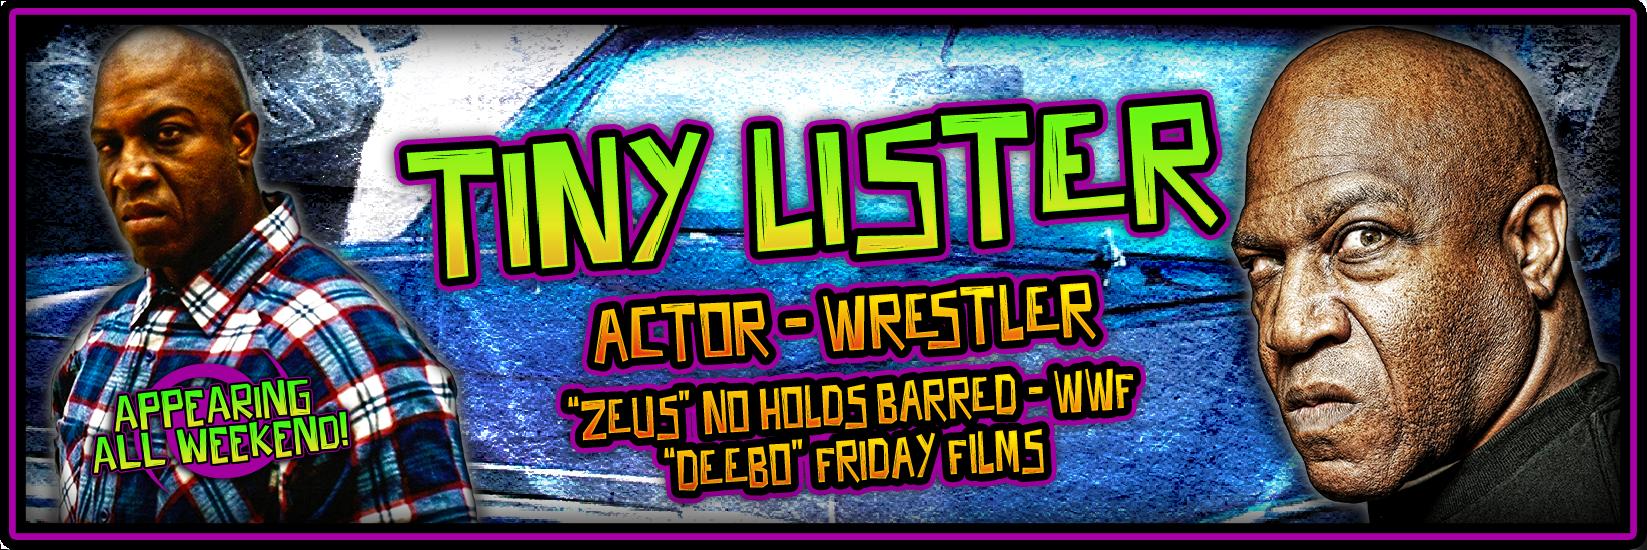 Tiny-Lister-Website-Banner.png
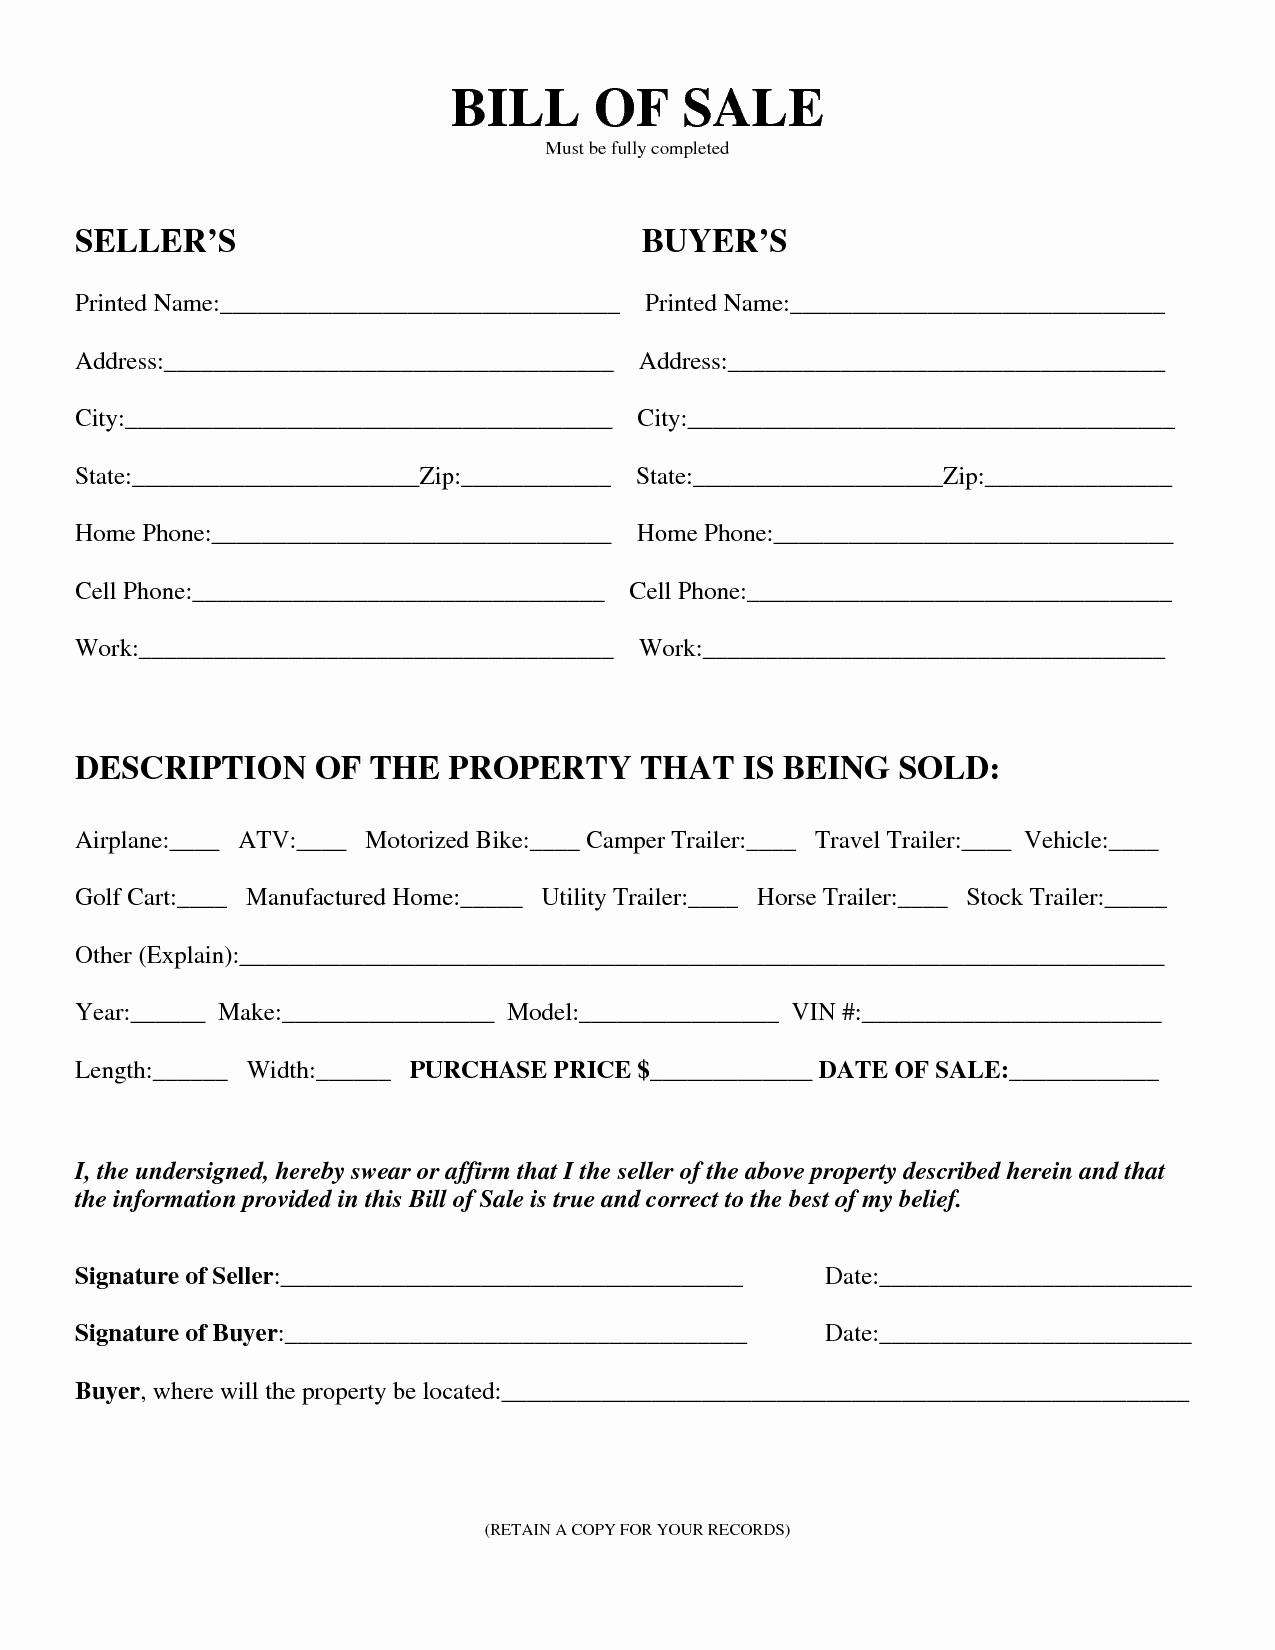 Auto Bill Of Sale Template New Download Bill Sale forms Pdf Templates
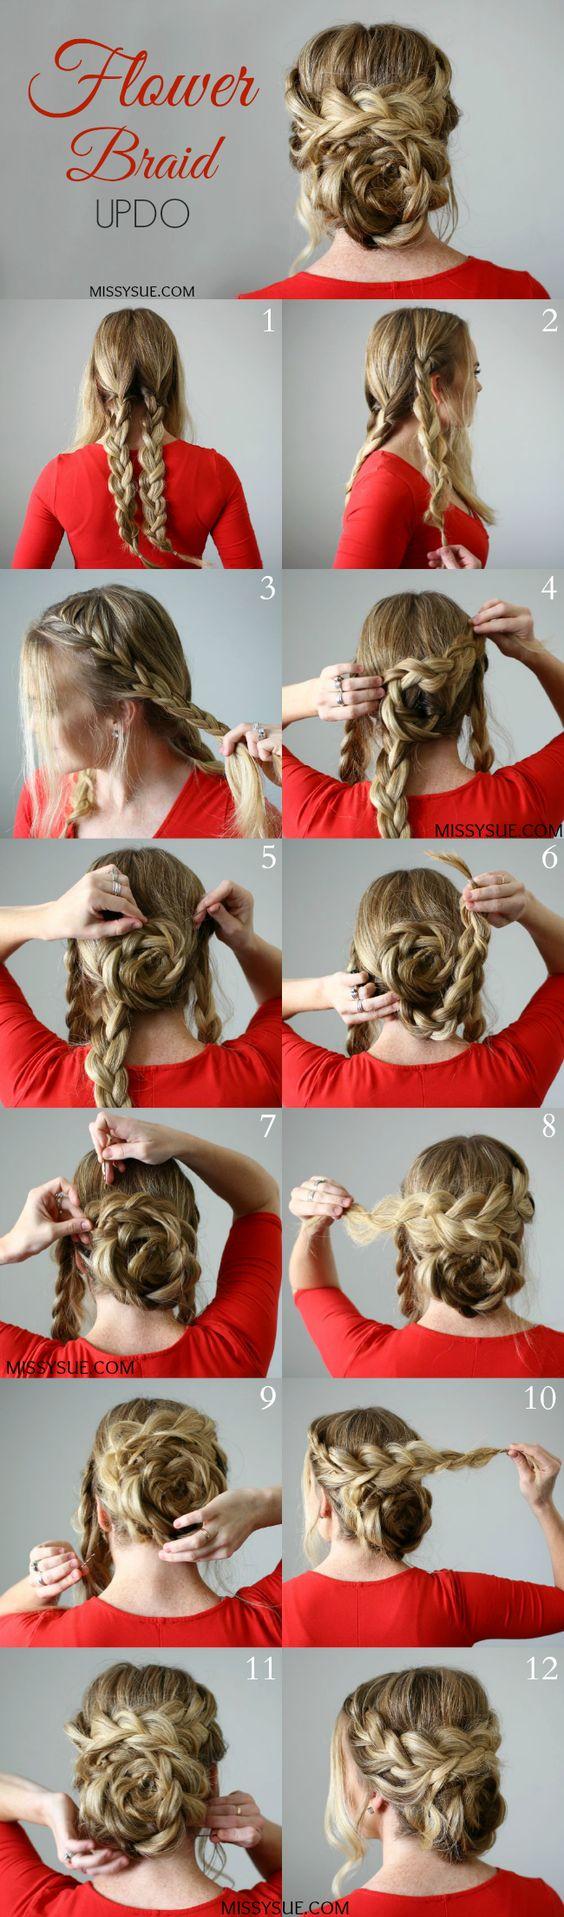 12 Easy Updo Hair Tutorials for the Season - Pretty Designs

» Goal of the exercise
Do not include the pictures. Quote only the lines from the line with "Auto Bill Of" through the end of the material, both ends included, exactly.

» Your response
 Auto Bill Of Sale Template New Download Bill Sale forms Pdf Templates
 12 Easy Updo Hair Tutorials for the Season - Pretty Designs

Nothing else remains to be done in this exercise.